Android Encryption Screen Locker

19th November 2017

When you enable "device encryption" on Android it produces an encryption key from your screen-locker code. Although I'm sure it uses a slow-hash to make it slow for an attacker to try lots of codes, it's still important that there be lots of combinations in case the attacker has a powerful computer.

I look at the different types of screen lock option that android provides and calculate how many combinations there are.

I do not attempt to study the security of fingerprint based screen lockers as I don't know how to. I suspect they're really insecure as your fingerprint is likely to be all over the phone's case and screen.

The contestants

Excluding fingerprint, the screen-lock options on Android 7.1.2 are:

We want at least billions of combinations to make our device secure. So we will test how we can get billions of combinations with each of these screen lockers.

Pattern

First let's study the security of "pattern".

You can choose from a grid size of 3x3, 4x4, 5x5 or 6x6. As you drag your finger through the grid it joins the dots together in a certain order.

Each dot can only be selected once, meaning that the length limit is the same as the number of dots.

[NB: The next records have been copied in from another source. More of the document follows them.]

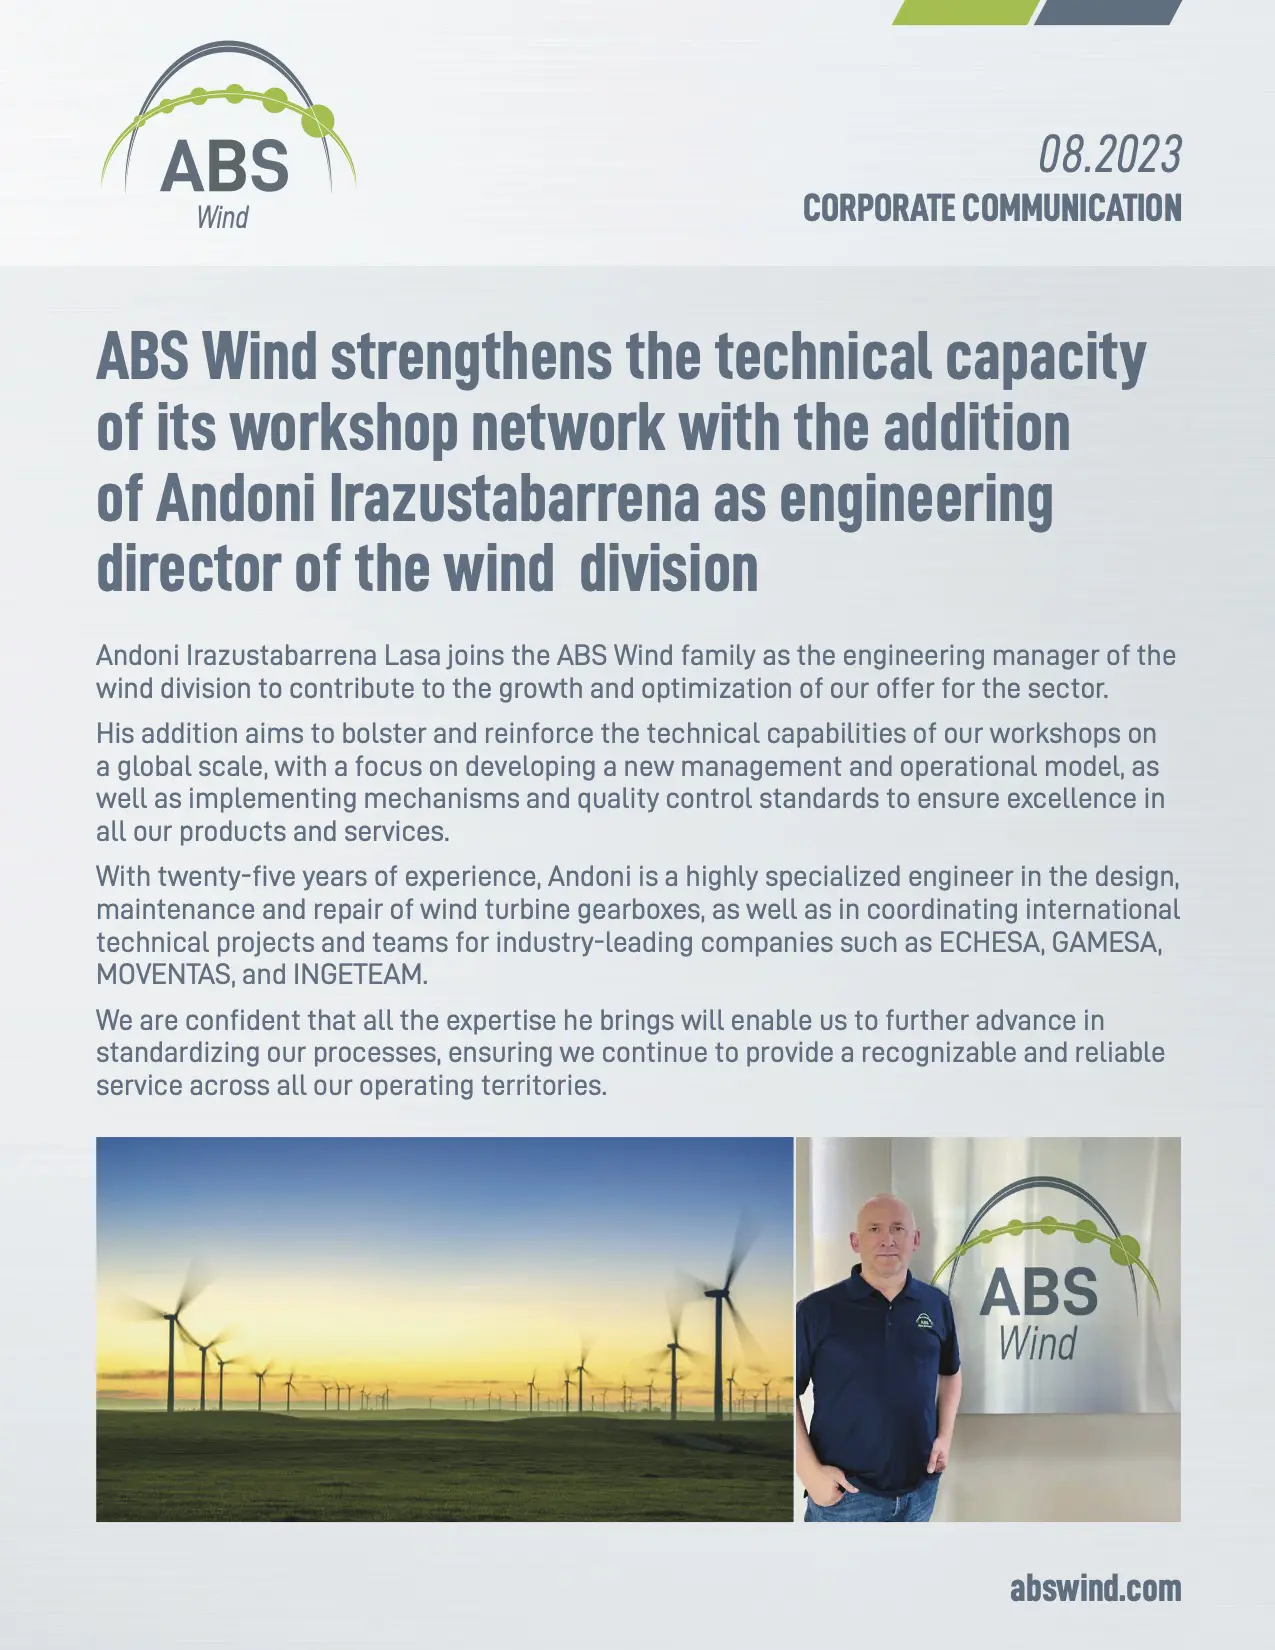 ABS WIND Andoni Irazustabarrena engineering director of the wind division
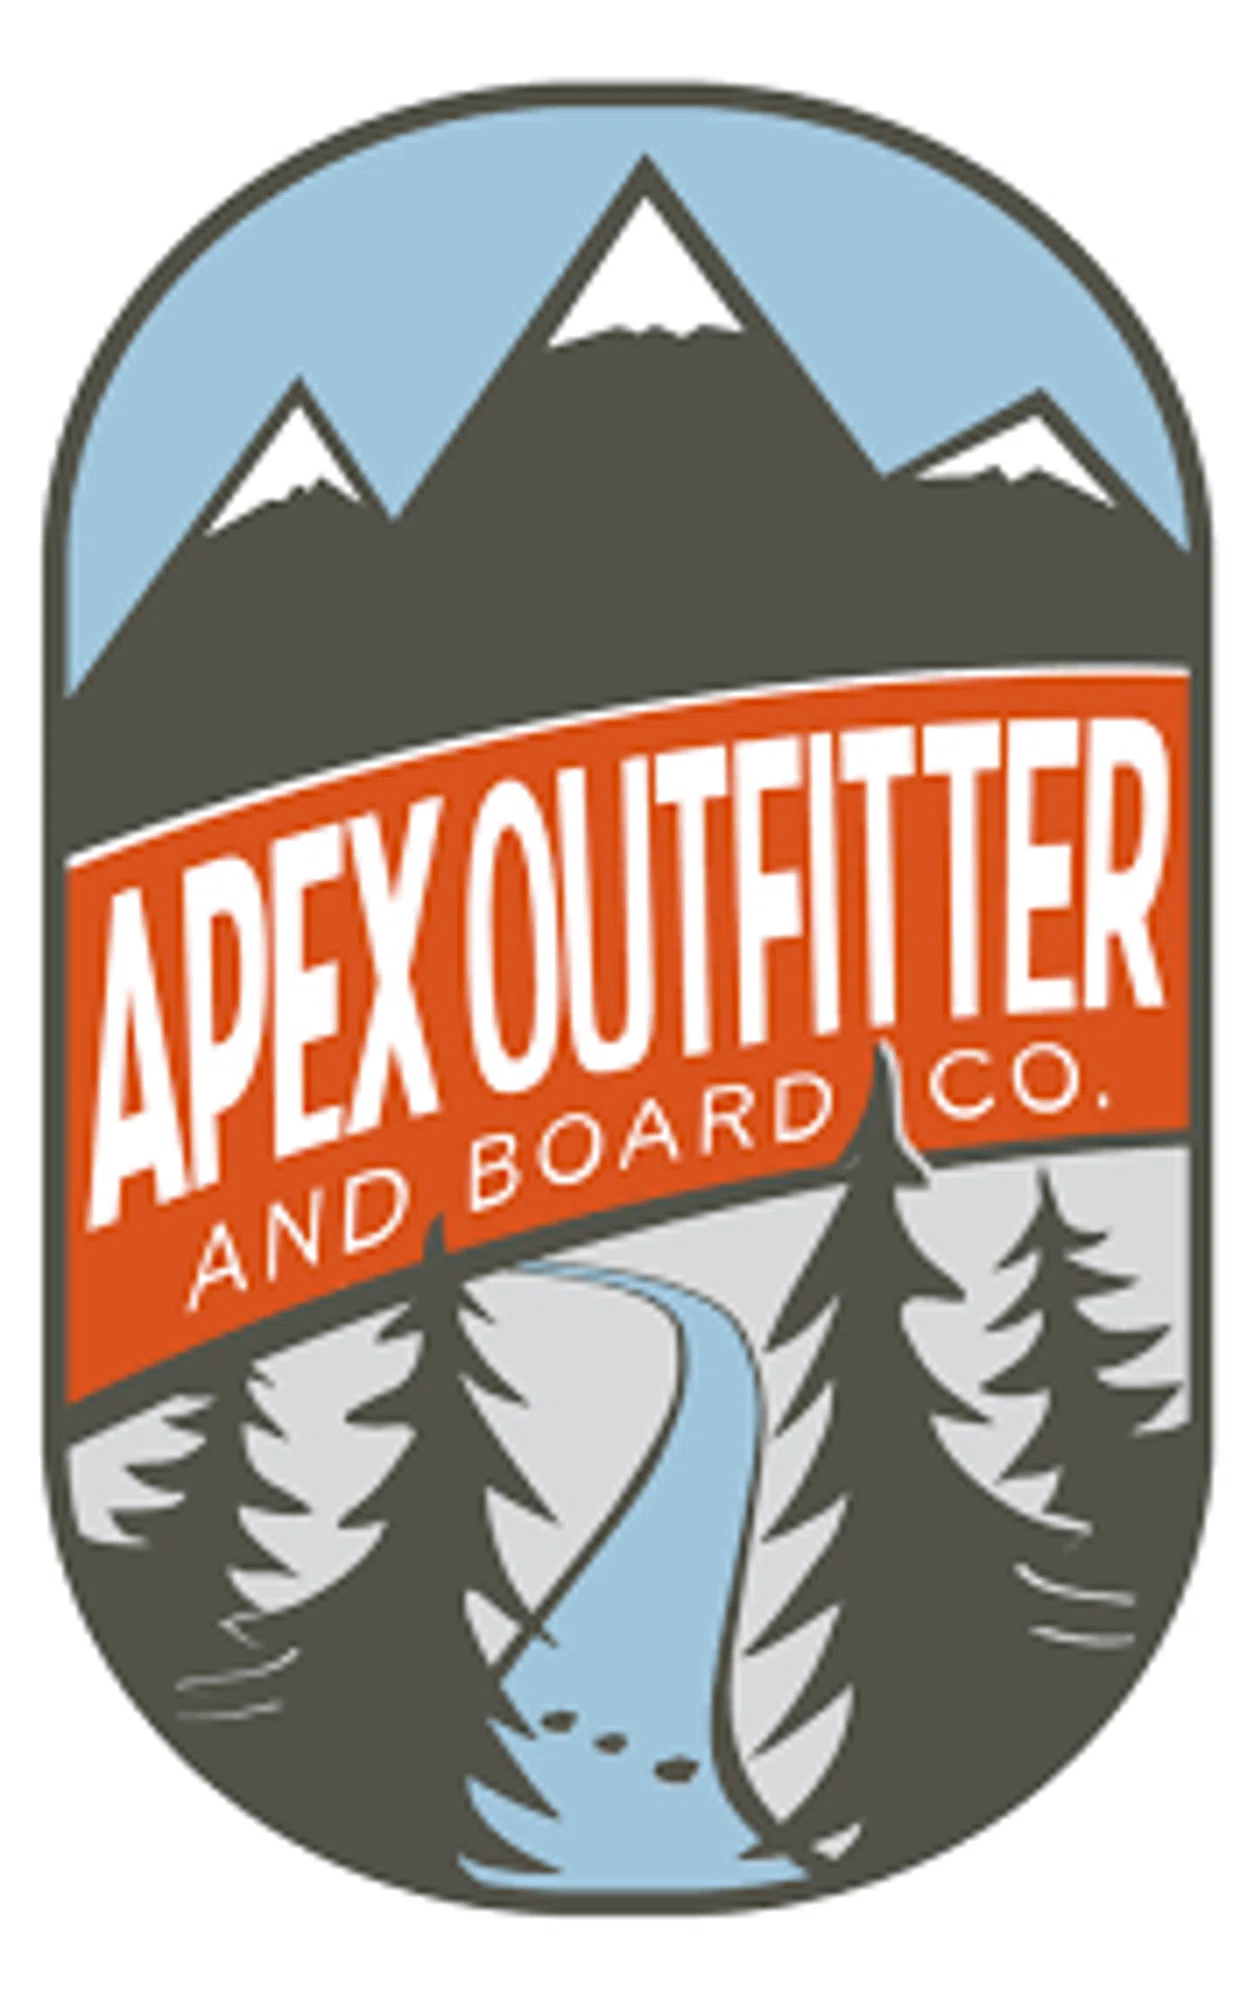 Apex Outfitter & Board Co
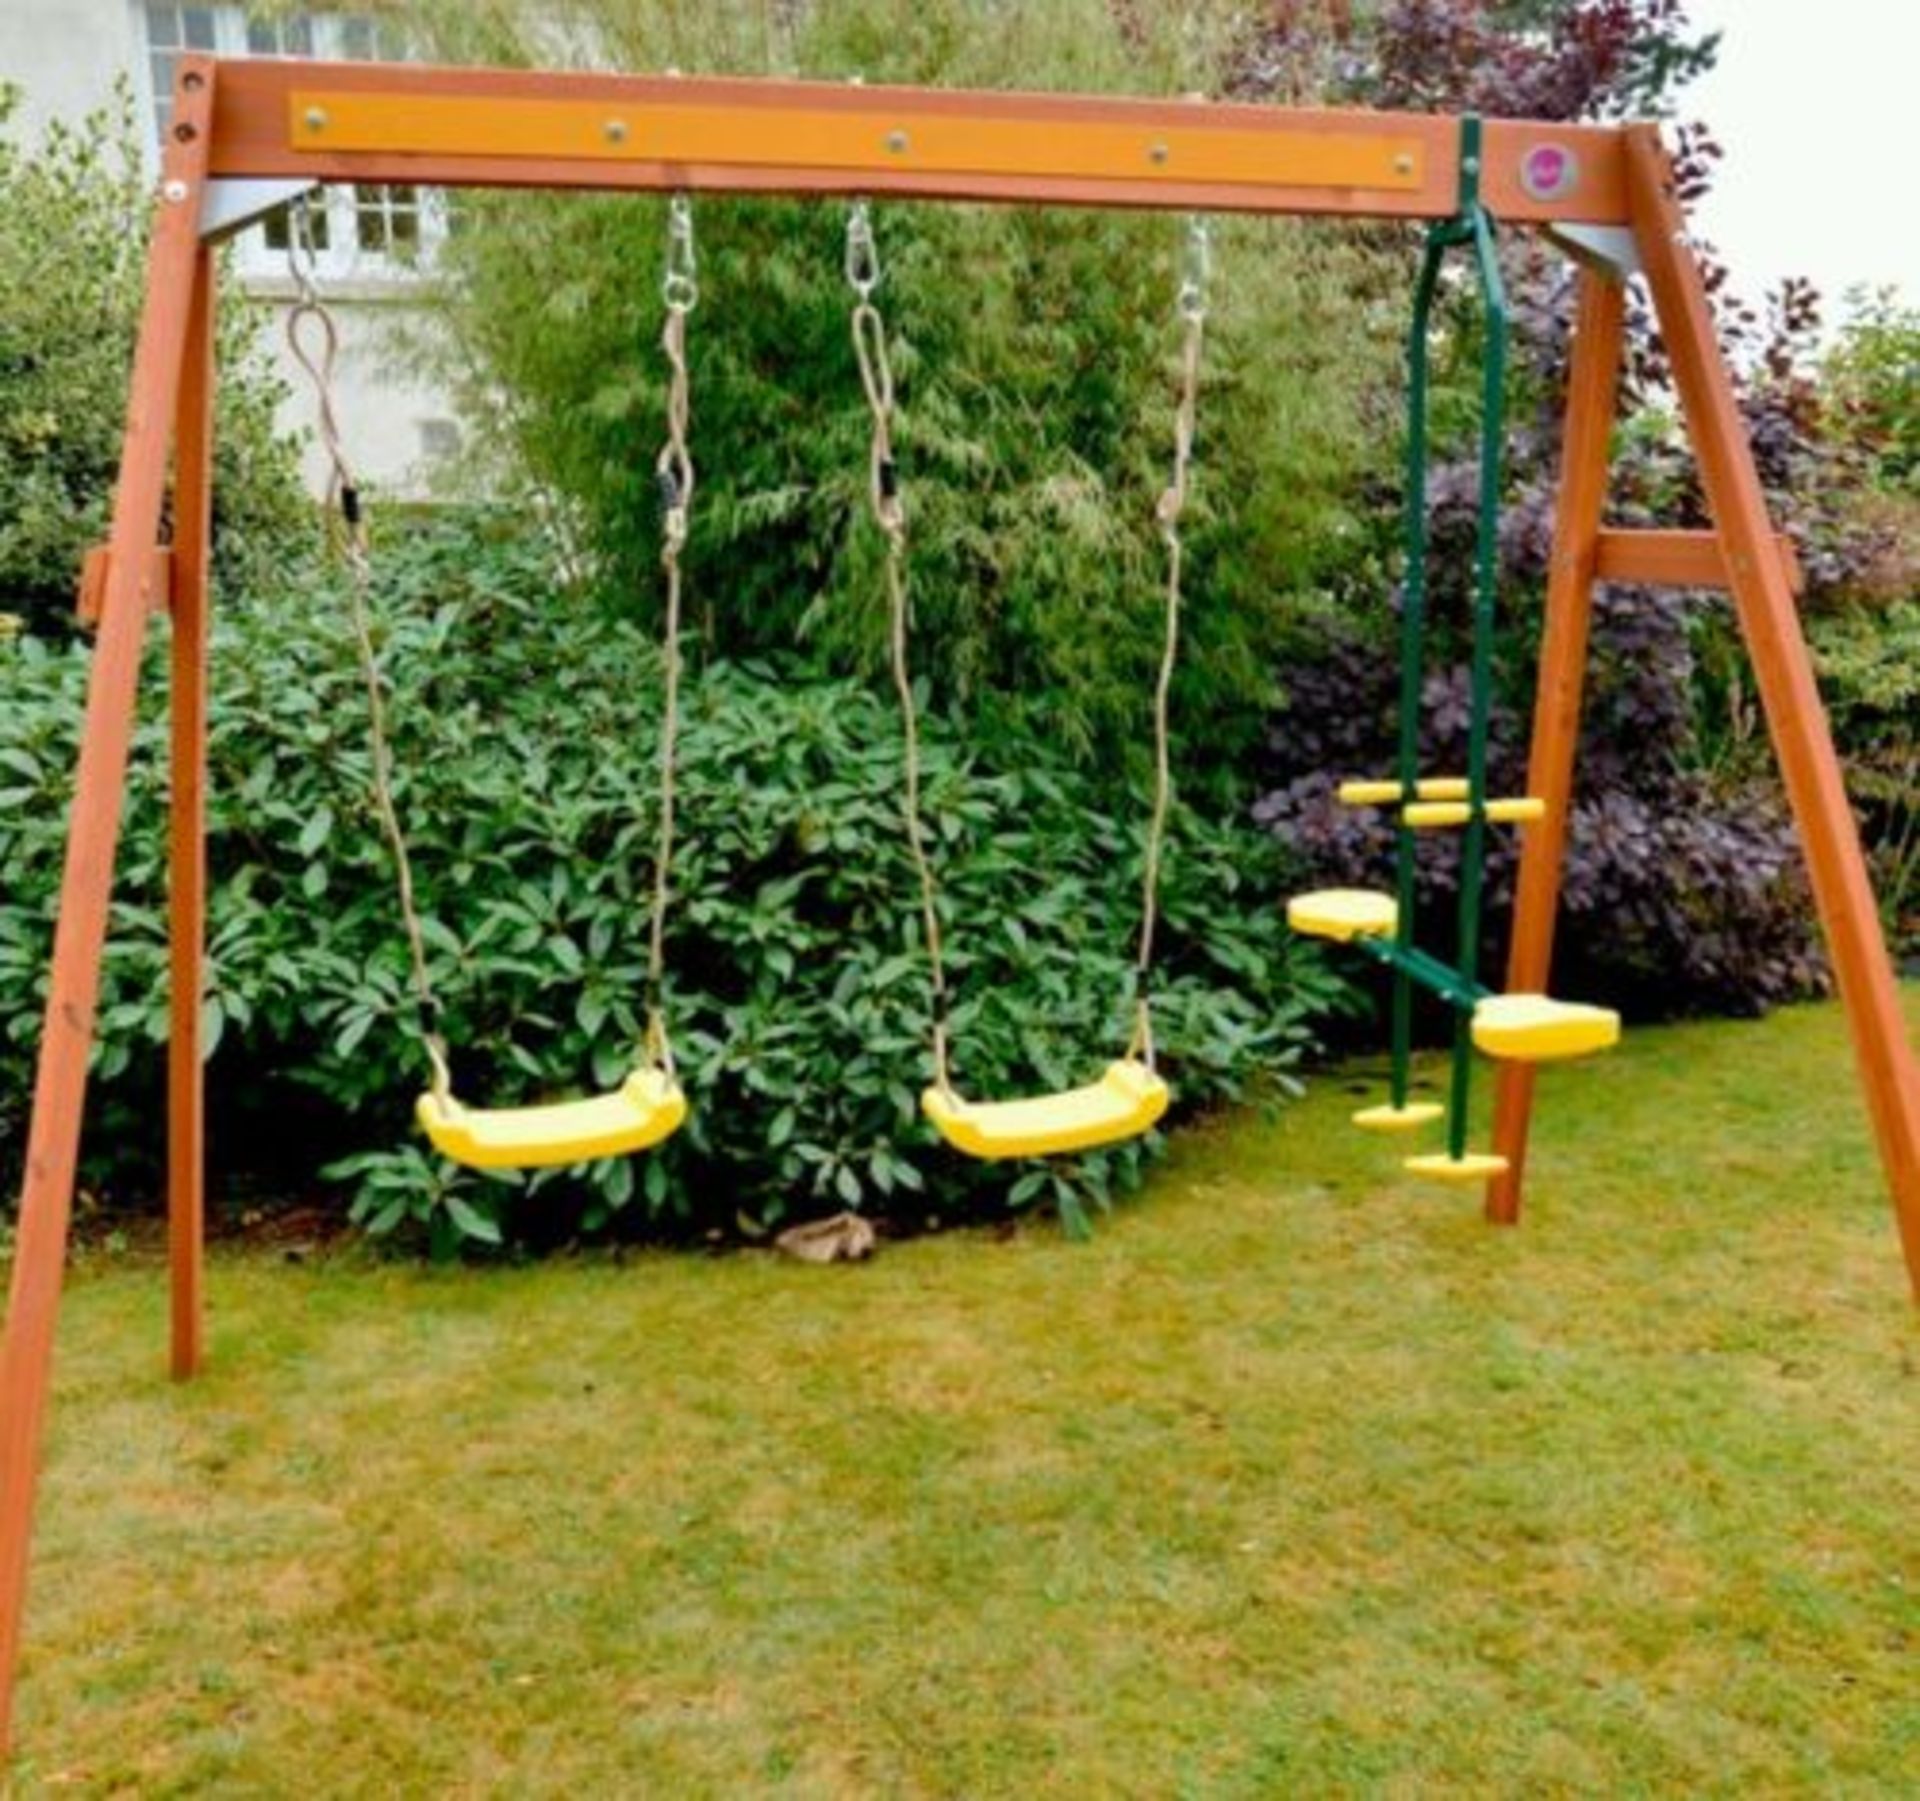 New Plum Colobus Double Swing with Glider Set RRP £350. Featuring two swings and a two-seat

How many combinations are there? Calculating this is not particularly simple because a dot cannot be repeated. Lacking any true maths skills the only way I could work it out was to write a program to walk through the tree of combinations to find them all.

#! /usr/bin/env python3

# finds number of combinations that do not re-use a letter. it's for
# calculating the security of android "pattern" screen-locker

# first arg: number of dots, second arg, length of combination

import sys

amount = int(sys.argv[1])
length = int(sys.argv[2])

def instance(length, digit, chain):
    length = length - 1

    if str(digit) in chain:
        return

    chain += [str(digit)]

    if length == 0:
        print(chain)
        return

    for num in range(1, amount + 1):
        instance(length, num, list(chain))


for num in range(1, amount + 1):
    chain = []
    
    instance(length, num, list(chain))

OK so let's consider a short code that's quick to enter. We have a 3x3 grid (9 dots) and we use 6 of them. The script tells me there are only 60,480 combinations!! This is not secure at all. We want at least billions.

How about if we use all the dots on the 3x3 grid (all 9)? Aw only 362,880 combinations. Still insecure.

OK how about a 4x4 grid (16 dots) and we use 6 of them? Oh only 5,765,760.

OK Let's try 8 dots on the 4x4 grid. 22 minutes later my script tells me there are 518,918,400 combinations. Still not billions!

9 dots on 4x4? 3 hours later my script tells me there is 4,151,347,200 combinations. Finally! That's billions.

Pin

So with pin you use a sequence of numbers from 0-10. Length is between 4 and 16. Same number can be used twice.

What's fab is that we don't need a script to work this out, we can just use simple maths. number_of_options to-the-power-of length.

Let's try 4 long. pf only 10,000 combinations. Let's try 9 long. Wow 1,000,000,000 combinations! We now have billions of combinations which is what we want.

Password

I suspect we're gonna get some baddas amount of combinations here, as we can use all 10 digits, all 26 lowercase letters, all 26 uppercase letters, and loads of symbols. Again maths is simple, just number_of_options to-the-power-of length.

There's at least 30 symbols on my android keyboard but most people aren't gonna use loads of exotic symbols so let's say 10 symbols, 10 digits and 52 letters. That's 72 options.

Let's try password 4 characters long. Oh only 26,873,856.

K let's try 5 long. Wow 1,934,917,632 combinations! That's more than a 10 character long pin (and probably easier to remember). It's also more than an 8 character pattern on a 4x4 grid.

Conclusion

OK if you want billions of combinations what should you choose?

Length Combinations
Pattern 9 dots on 4x4 grid 4.2 billion
Pin 9 digits 1.0 billion
Password 5 digits, letters, symbols 1.9 billion

Pin is obviously worst, who's gonna remember 9 digits?

A five character long password including numbers and symbols is quite strong, but it takes me about 5 seconds to enter. I think this is too slow.

I think pattern is best. 9 dots on the 4x4 grid takes me 3 seconds to enter and is easy to remember. But be warned, shapes are easy to observe and remember so if you do not trust your peers you must be vigilant!